6. International Data Transfers
6.1 General
Subscriber acknowledges and agrees that Easy Metrics may access and Process Personal Data on a global basis as necessary to provide the Subscription Services, and that Personal Data may be transferred to and Processed by Easy Metrics, Inc. in the United States and to other jurisdictions where Easy Metrics Affiliates and Sub-Processors maintain operations. Each party shall ensure such transfers are made in compliance with Applicable Data Protection Laws.
6.2 Transfer Mechanisms
Easy Metrics shall not transfer Personal Data to any country or recipient not recognized as providing an adequate level of protection for Personal Data unless it first implements appropriate safeguards to ensure the transfer complies with Applicable Data Protection Laws. Such safeguards may include: (a) the Standard Contractual Clauses; (b) binding corporate rules; (c) approved certification mechanisms; or (d) any other legally adequate transfer mechanism recognized by the relevant authorities.

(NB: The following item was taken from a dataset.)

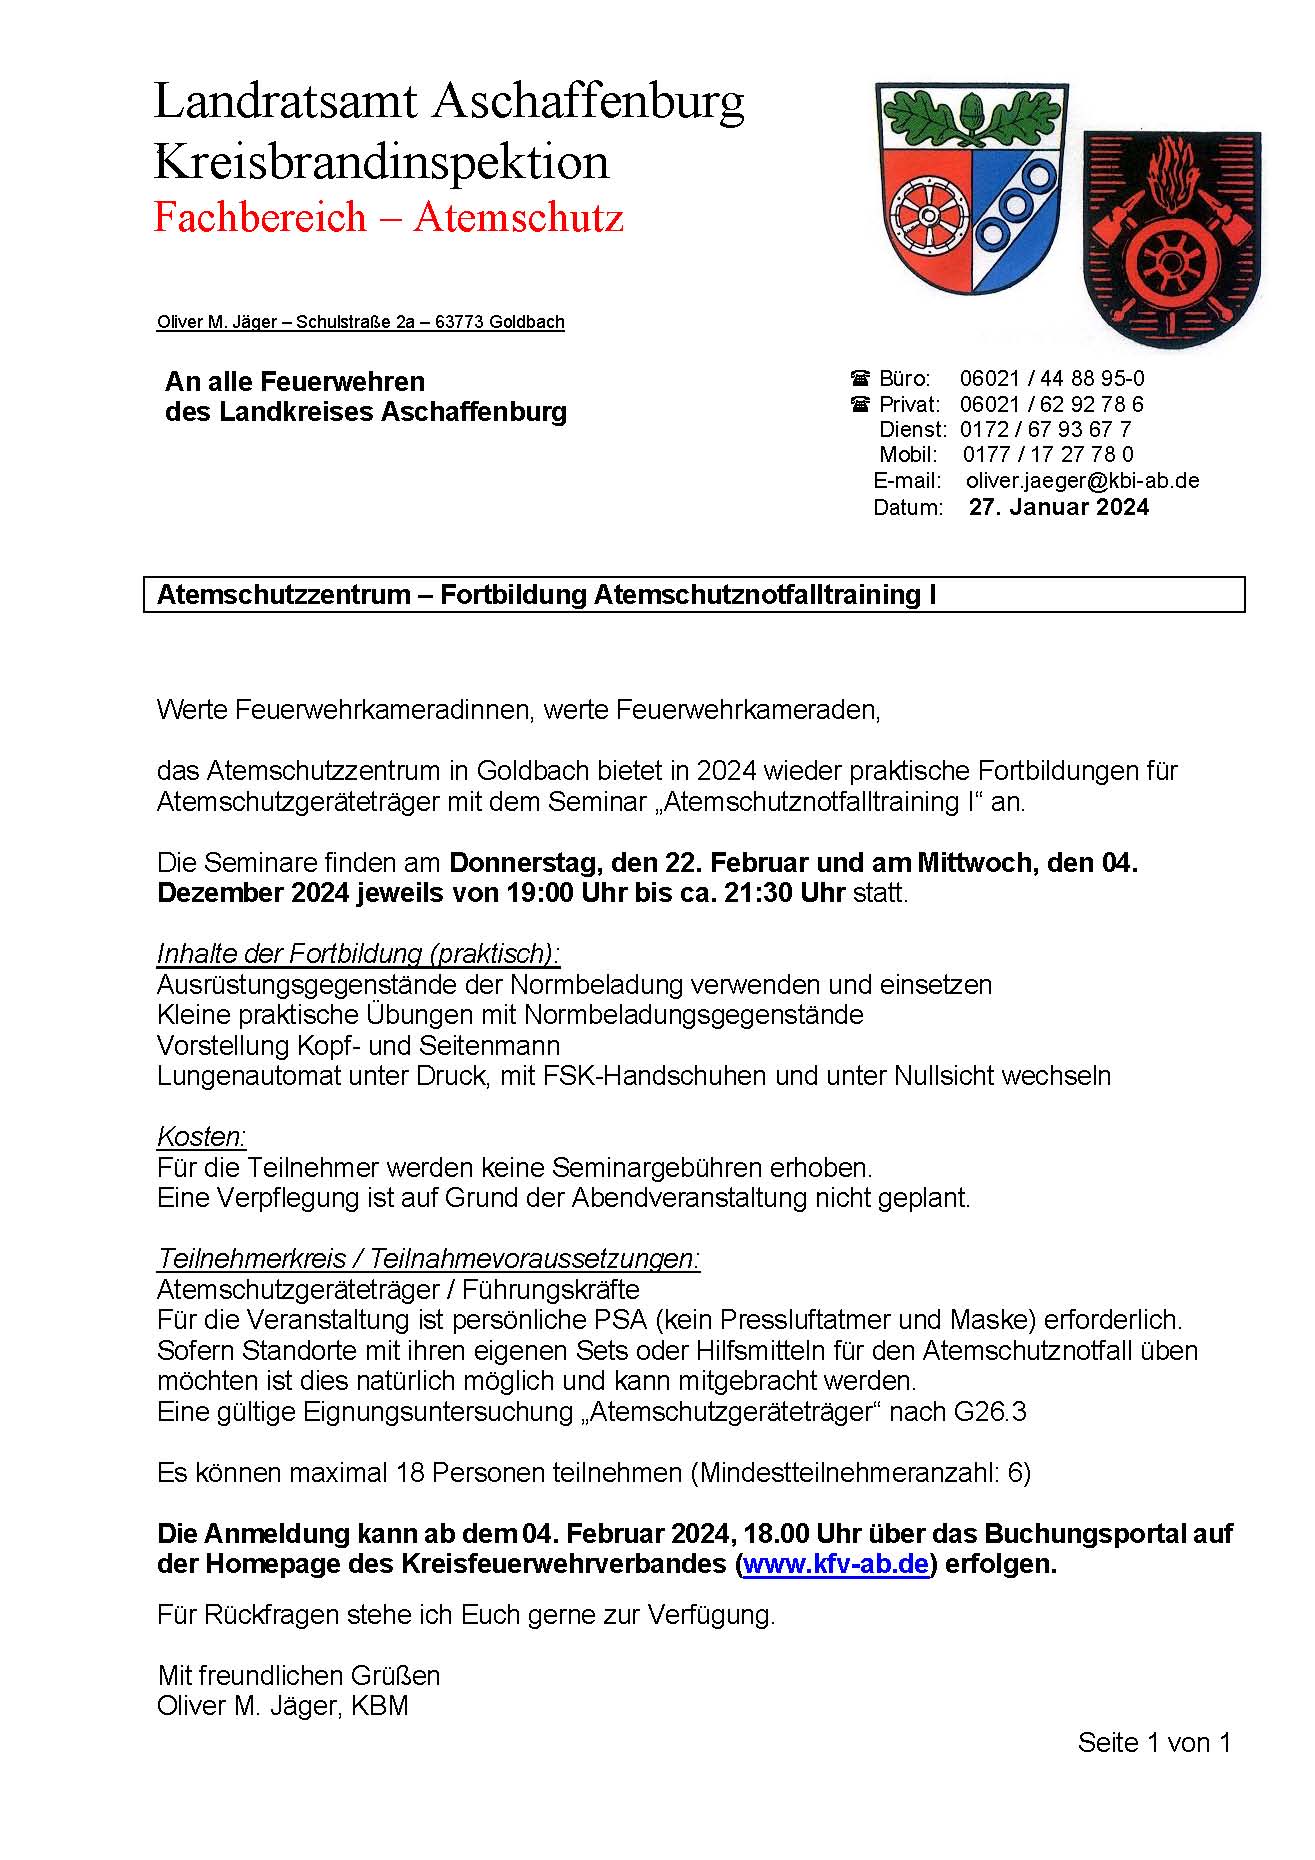 Einladung ASZ Fortbildung Atemschutznotfalltraining I 2024

6.3 Standard Contractual Clauses
To the extent that the transfer of European Data to Easy Metrics constitutes a restricted transfer under European Data Protection Laws, the parties agree to execute and comply with the applicable Standard Contractual Clauses as set forth in Annex 3, under which: (a) Subscriber shall be the “data exporter”; (b) Easy Metrics shall be the “data importer”; and (c) Module Two (Controller to Processor) shall apply. If and to the extent the Standard Contractual Clauses conflict with any provision of this DPA, the Standard Contractual Clauses shall prevail.

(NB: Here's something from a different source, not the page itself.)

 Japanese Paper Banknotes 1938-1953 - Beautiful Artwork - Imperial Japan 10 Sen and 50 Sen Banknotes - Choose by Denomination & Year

6.4 UK International Data Transfer Addendum
For transfers of Personal Data subject to the UK GDPR, the UK Addendum to the EU Standard Contractual Clauses (as issued by the UK Information Commissioner under Section 119A of the Data Protection Act 2018) shall apply and is hereby incorporated by reference.
6.5 Swiss Data Transfers
For transfers of Personal Data subject to the Swiss FADP, the Standard Contractual Clauses shall apply with the modifications required to comply with Swiss data protection law, including references to the FADP in place of the GDPR where applicable, and references to the Swiss Federal Data Protection and Information Commissioner as the competent supervisory authority.
7. Additional Provisions for European Data
7.1 Scope
This Section 7 shall apply only with respect to the Processing of European Data.
7.2 Roles of the Parties
When Processing European Data in accordance with Subscriber’s Instructions, the parties acknowledge and agree that Subscriber is the Controller and Easy Metrics is the Processor of European Data.
7.3 Legal Basis for Processing
Subscriber warrants that it has a lawful basis for each Processing activity conducted under this DPA, including but not limited to consent, performance of a contract, legitimate interests, or compliance with a legal obligation, as applicable under the GDPR.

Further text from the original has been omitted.